Kodak had pretty strong film sales when the first digital cameras hit the market as well.


Yeah but that doesn’t mean anything. Kodak saw a train coming, did a study that told them that they had to do something, but then sat on the tracks.

Fuji, who was also big in the chemical film business, came out just fine.


> Kodak saw a train coming, did a study that told them that they had to do something, but then sat on the tracks.

Replace "Kodak" with "Google" and that's the exact impression I get from friends who work there


I just resigned from Google. There’s no future with current leadership. I was a at high level (6), with an incredibly broad scope of responsibility, making an absurd amount of money. But life is too short to spend my days propping up a dying monopoly when there’s bigger game to chase.

It’s also institutionally arrogant, they really think they are the best, Jeff Dean and Urs are Gods, and no other company can do what Google does.
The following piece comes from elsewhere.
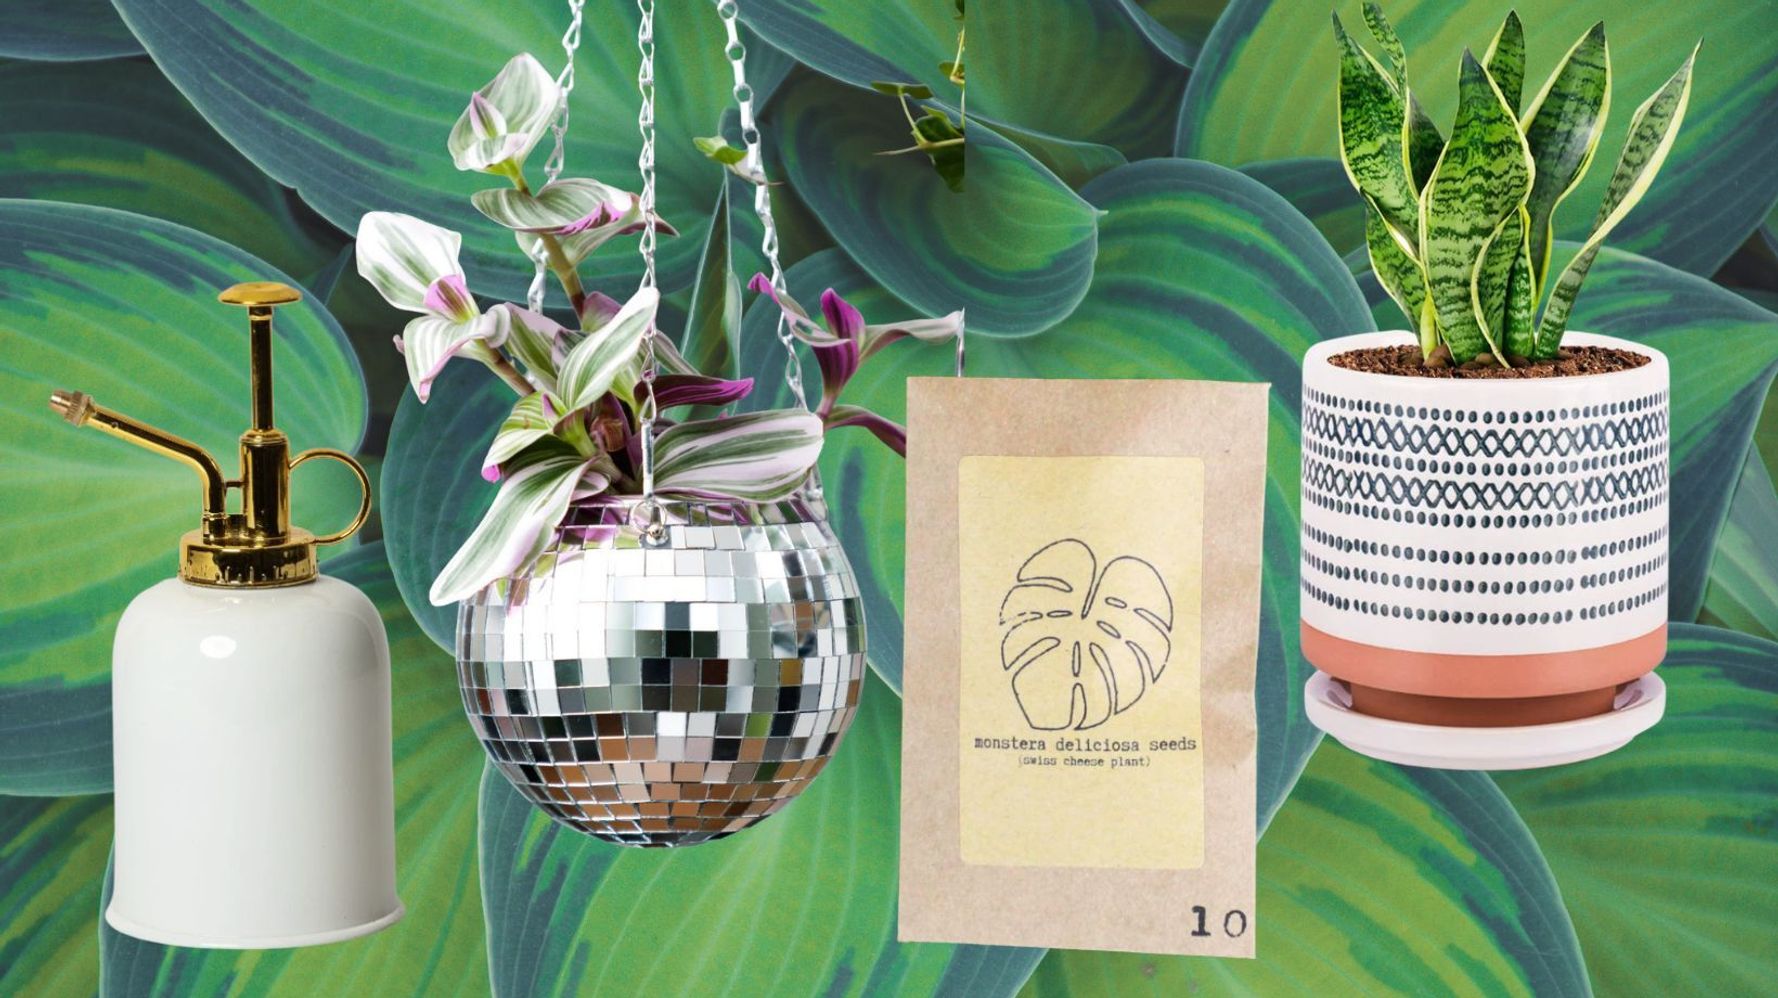 DIY Macrame Plant Hanger Kit Make Your Own Gardener Lovers Gift  Personalised Colours 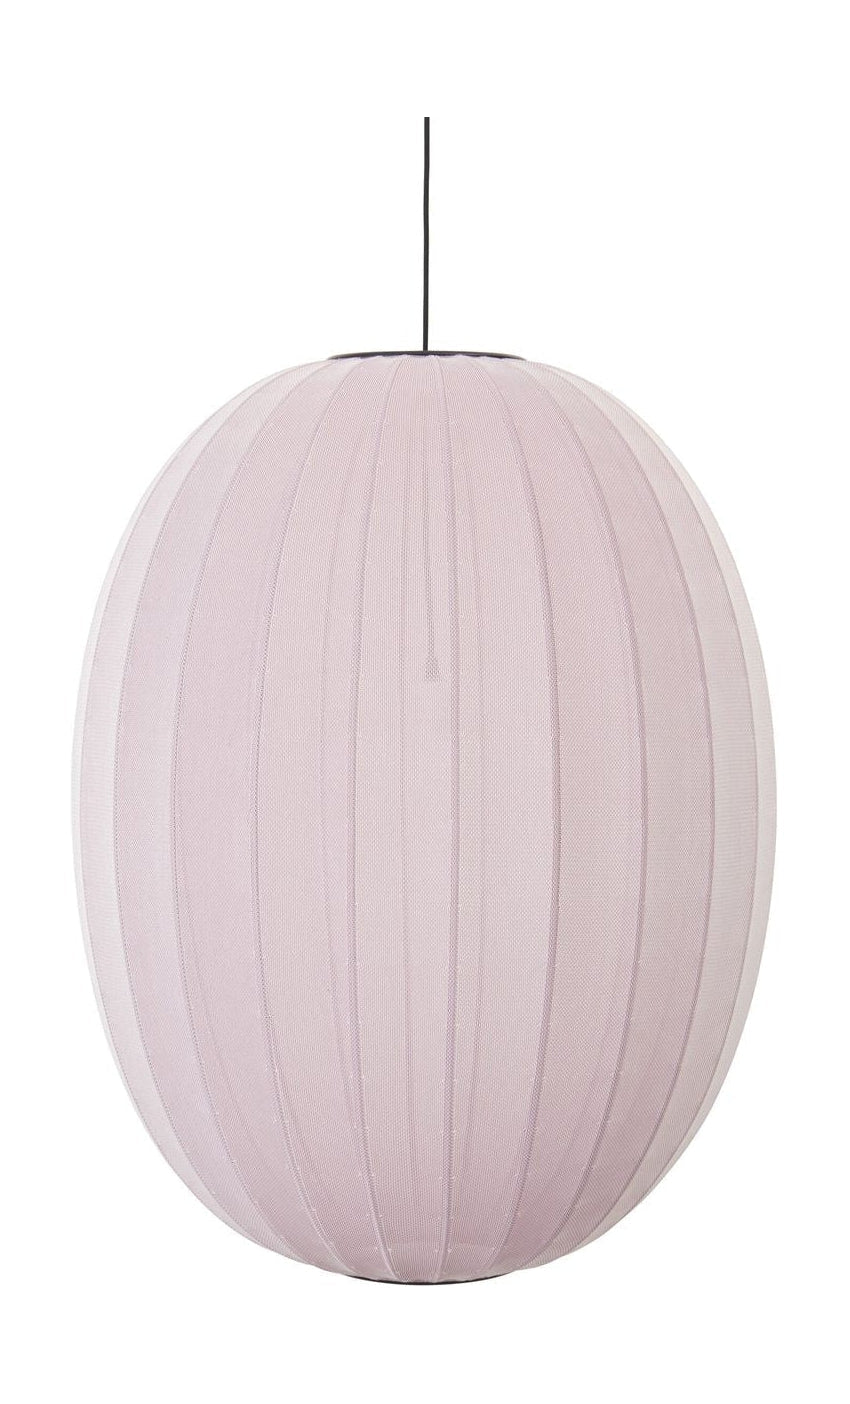 Realizzato a mano in maglia con 65 lampada a sospensione ovale alta, rosa chiaro

OpenAI just destroyed that myth, yet on the inside they haven’t woken up to the change.


Hey, myself and an ex-microsoft dev (like 2007-2008, not recent), with some VP experience have teamed up. We're working on memory solutions for AI, as well as creating better agents, workflows, etc... In the early days it'll mostly be a GUI over langchain/autogpt/babyAGI, eventually it might morph to creating our own in-house brain-like database, something beyond vectors (or built on top of them w/ a better ranking/indexing based on frequency/recency). Hit me up, if you'd consider partnering up.


Sounds like fun. Do you have a specific end product in mind or are you just in the experimentation stage?


Curious what "absurd levels of money" means, even if you could just vaguely gesture at it


levels.fyi


I take it you don’t work at Google?


bad analogies are bad


> There’s no dent

By the time there is a dent, it's too late.


Sounds great but you’ll have to provide some logic because I don’t automatically follow your extremely confident opinion…


The fear of investors and, to some extent, Google, is that LLMs will supplant traditional search and by the time enough people are catching on to affect metrics the momentum will be too great to stop. My experience with LLMs has not led me to believe that is all that likely but opinions differ there.


We need search to be able to fact check the LLMs, but this might become extremely difficult once all the content is written by them…


Just like how it is hard to fact-check Wikipedia now that it's used a reference. A thought came to me - perhaps it's Wikipedia that should be worried that it'll be supplanted by LLMs.


[citation needed]


The phenomenon they're referring to is when something spurious is posted on Wikipedia with no or poor citations, then used as the source for a "reputable" article (without citations), then the article is cited by Wikipedia, making the spurious information look more trustworthy.


1) that hardly ever happens, it hasn’t caused any widespread issues in the decades Wikipedia has existed.

2) All sources are cited so they can be easily verified by the reader.



The user experience with ChatGPT is pretty good. No ads, no spam results. There are downsides too of course: the hallucinations, and the way the ChatGPT site wants me to log back on now and then.

I was very happy with Google but recently on my iPhone the Google website started nagging me to log in every time I do a search. This is a poor experience, add to that the ad results that have gotten harder and harder over time to distinguish from real results.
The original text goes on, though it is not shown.